Closing offenses

Close an offense to remove it completely from your system.

About this task

The default offense retention period is 30 days. After the offense retention period expires, closed offenses are deleted from the system. You can protect an offense to prevent it from being deleted when the retention period expires.

Closed offenses are no longer displayed in any list on the Offenses tab, including the All Offenses list. If you include closed offenses in a search, and the offense is still within the retention period, the offense is displayed in the search results. If more events occur for an offense that is closed, a new offense is created.

When you close offenses, you must select a reason for closing the offense. If you have the Manage Offense Closing permission, you can add custom closing reasons. For more information about user role permissions, see the IBM QRadar Administration Guide.

Procedure

  1. Click the Offenses tab.
  2. Select the offense that you want to close.
    To close multiple offenses, hold the Control key while you select each offense.
  3. From the Actions list, select Close.
  4. In the Reason for Closing list, specify a closing reason.

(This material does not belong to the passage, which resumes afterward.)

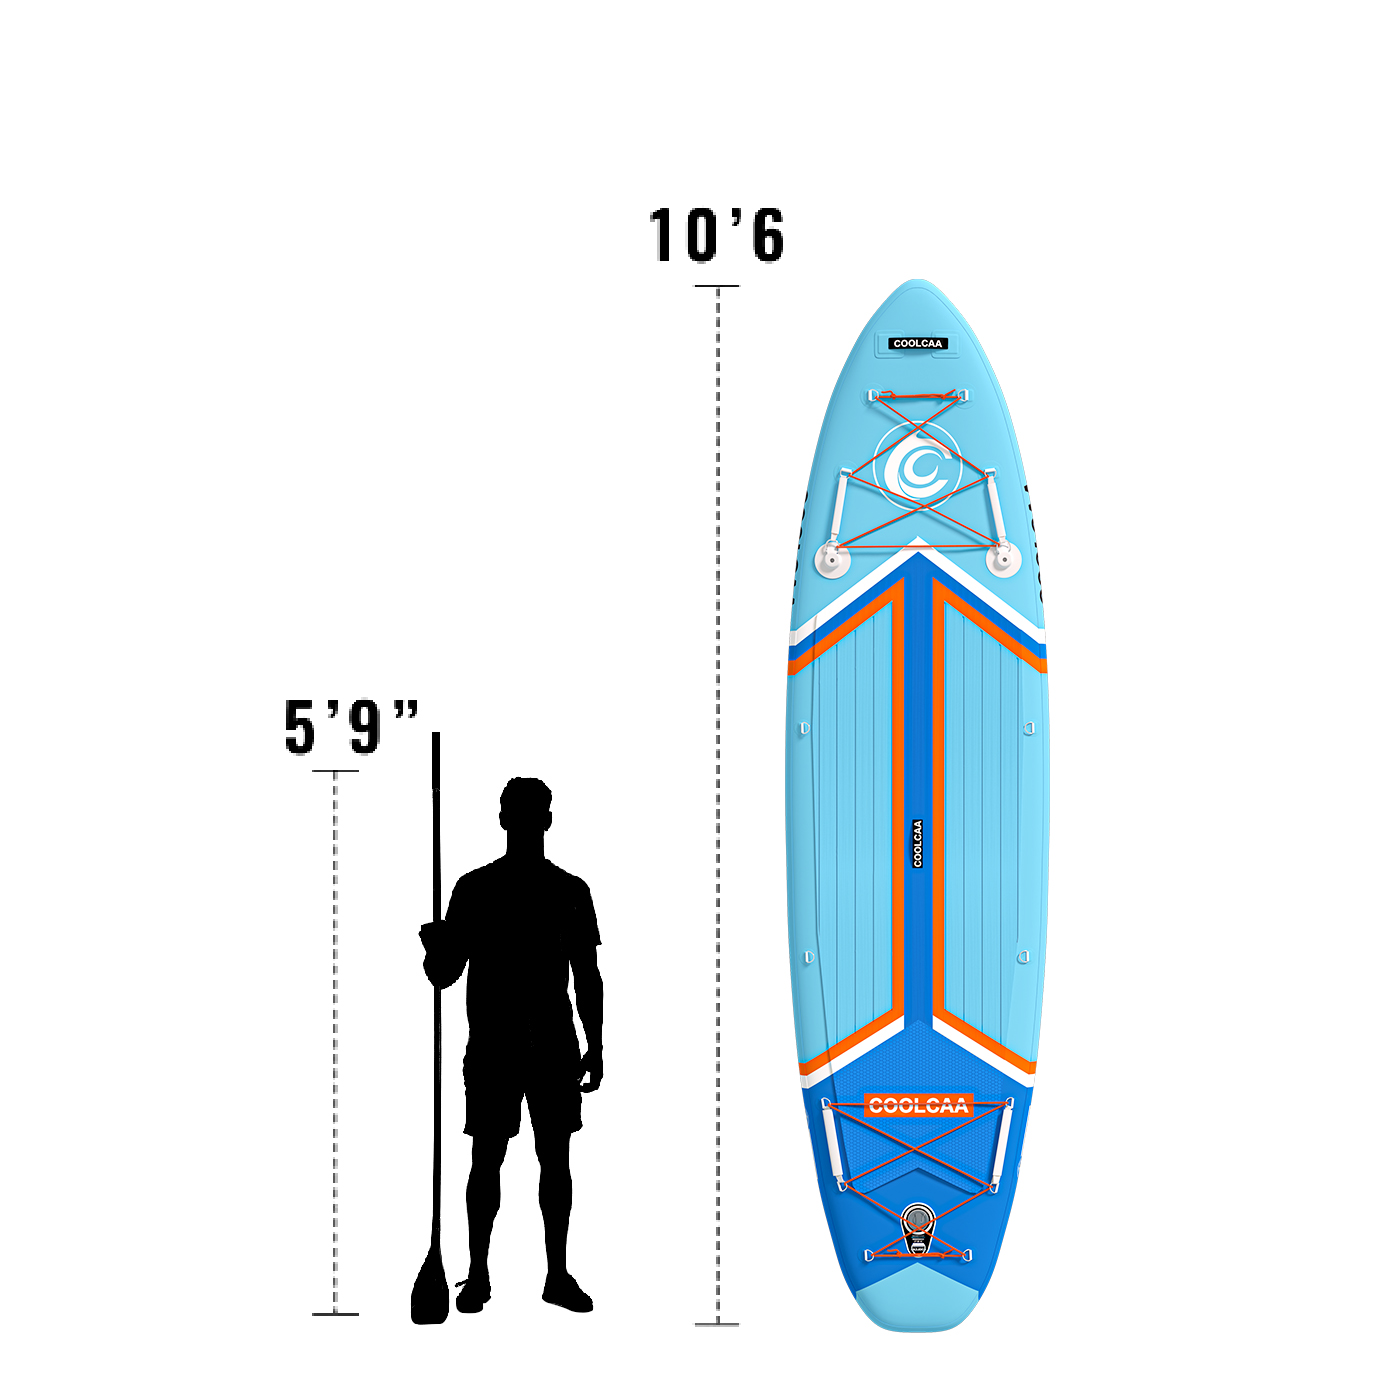 Coolcaa 10’6 Challenger Inflatable Paddle Board Package with Fiberglass Paddle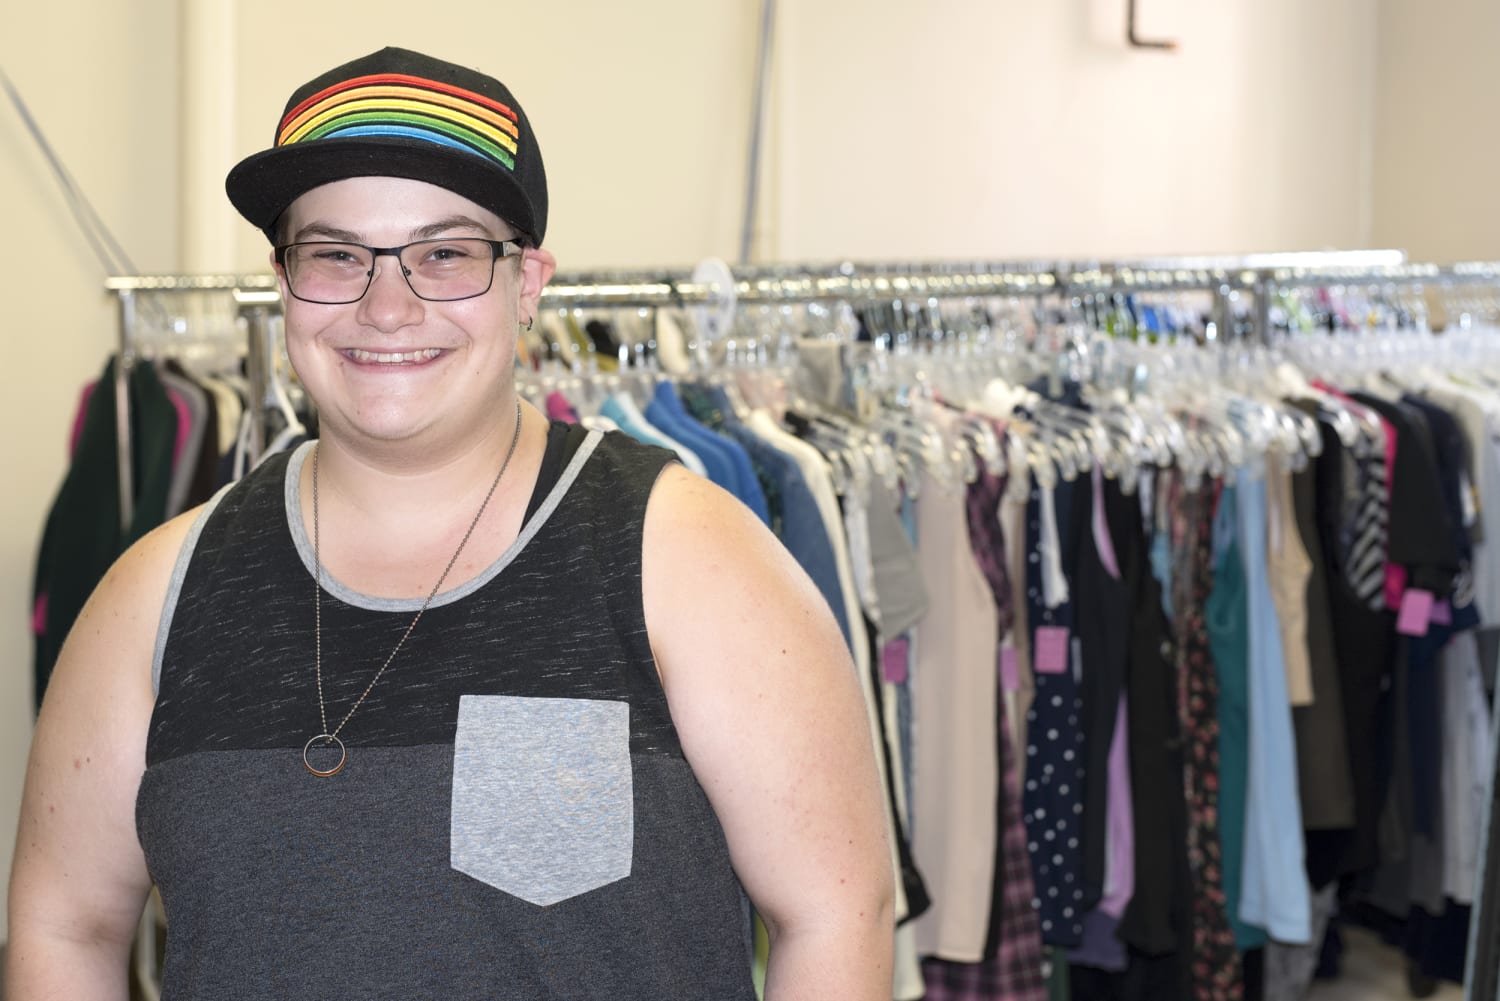 Across U.S., several colleges open 'clothing closets' for trans

    To add a close reason, click the icon beside Reason for Closing to open the Custom Offense Close Reasons dialog box.

  5. Optional: In the Notes field, type a note to provide more information.

    The Notes field displays the note that was entered for the previous offense closing. Notes must not exceed 2,000 characters.

  6. Click OK.

Results

After you close offenses, the counts that are displayed on the By Category window of the Offenses tab can take several minutes to reflect the closed offenses.